Such significant volatility in the FX markets highlights the uncertainty that exporters face. It is worth noting that any move in the FX rate that benefits an exporter – i.e. an appreciating USD versus AUD since the exporter is selling in USD – will conversely have a negative effect on the importers (a depreciating AUD versus USD since the importer is buying in USD) although the impact will likely be less as the importer can switch to a cheaper supplier.

CME Group offers futures and options contracts on the Australian dollar FX rate, which can be used to manage this FX exposure. These contracts are physically delivered at maturity, meaning that if held all the way to maturity, US dollars are exchanged for Australian dollars to fulfil the contractual obligation.  The contract unit of each futures contract is AUD 100,000.
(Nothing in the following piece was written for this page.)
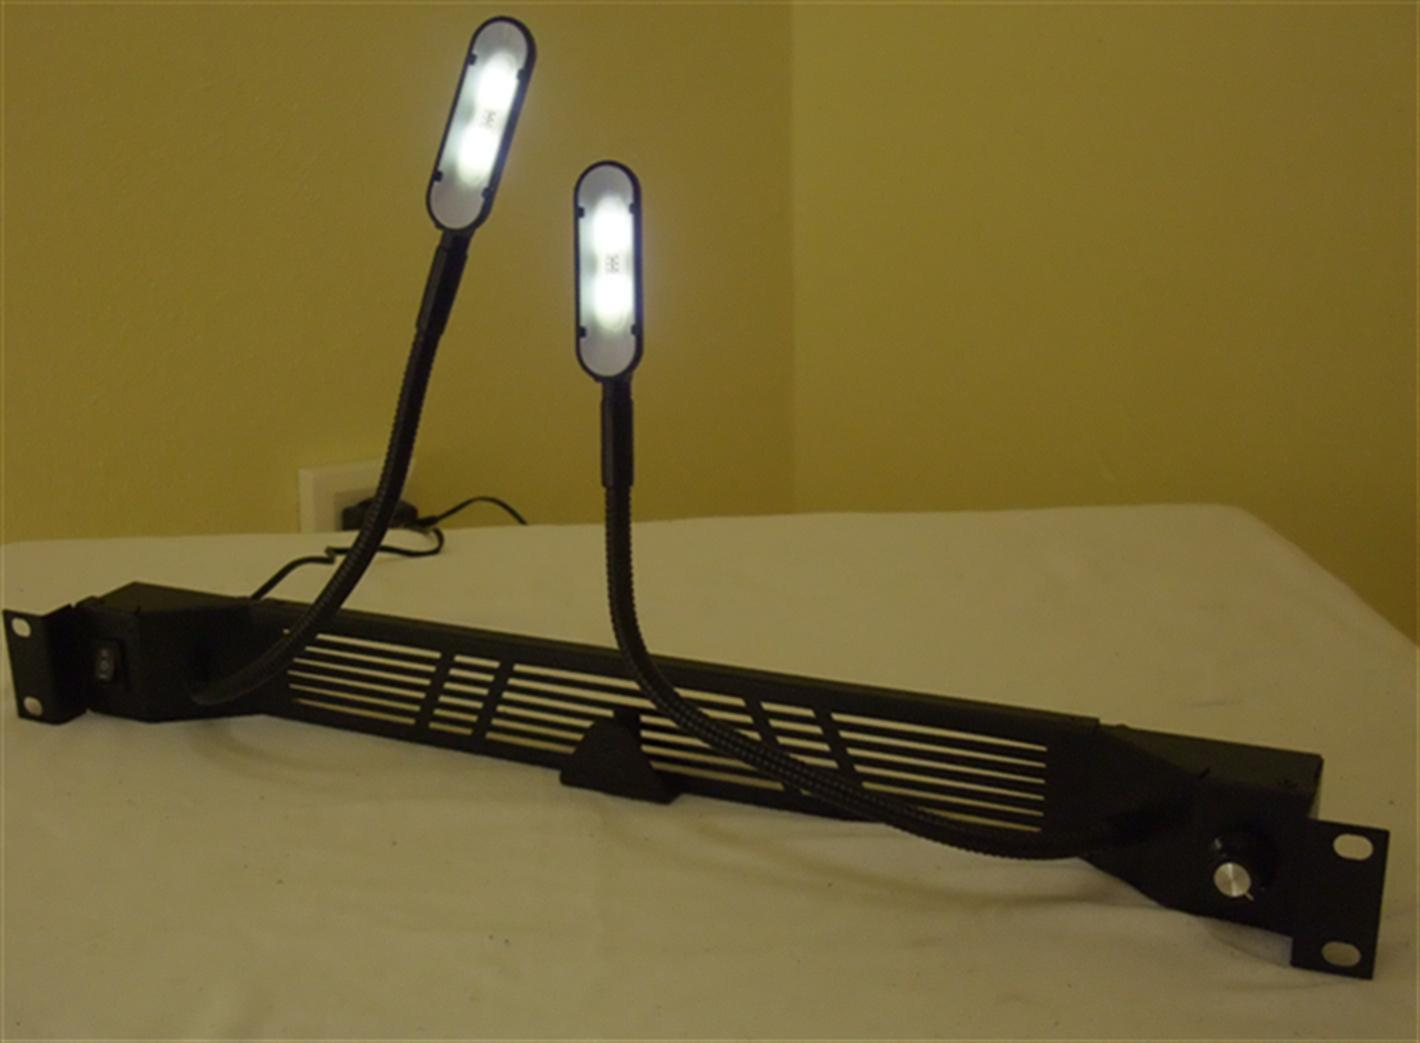 2 fach led schwanenhals racklampe wei es blaues licht rackbeleuchtung racklight. Black Bedroom Furniture Sets. Home Design Ideas

Chart 3: AUD/USD Futures Average Daily Notional Value (Million USD)

Source: CME Group

Using prices at the end of September 2020, this equates to a contact value of 71,630 USD, which can be compared to the dollar value of an Australian wheat futures contract of 12,700 USD.

Below is an example of how the CME Australian Dollar futures contract can be used to hedge the FX component of an Australian wheat export transaction:

Scenario

In late March, an Australian wheat producer has an export order from a miller for 30,000 metric tons of wheat, to be delivered at the end of May. The agreed terms are for payment in US dollars at a rate equal to the Platts “APW Wheat FOB Australia” price on the delivery day, plus 10 USD per metric ton.

Transaction information

Wheat export quantity

30,000 metric tons

Agreed sale price

CBOT Australian Wheat May futures price plus 10 USD per metric ton

Current CBOT Australian Wheat May futures Price

264.50 USD per metric ton

CBOT Australian Wheat futures contract size

50 metric tons

Current CME Australian Dollar June futures price

0.76545 US dollars per Australian dollar

CME Australian Dollar futures contract size

AUD 100,000

For the producer, this creates a two-month period of uncertainty as to the revenue that will be achieved. From a price risk management perspective, the producer is exposed to the price of Australian wheat but as they earn their income in AUD, they are also exposed to the FX rate between the US dollar and the AUD. Both price risk components can be hedged with futures.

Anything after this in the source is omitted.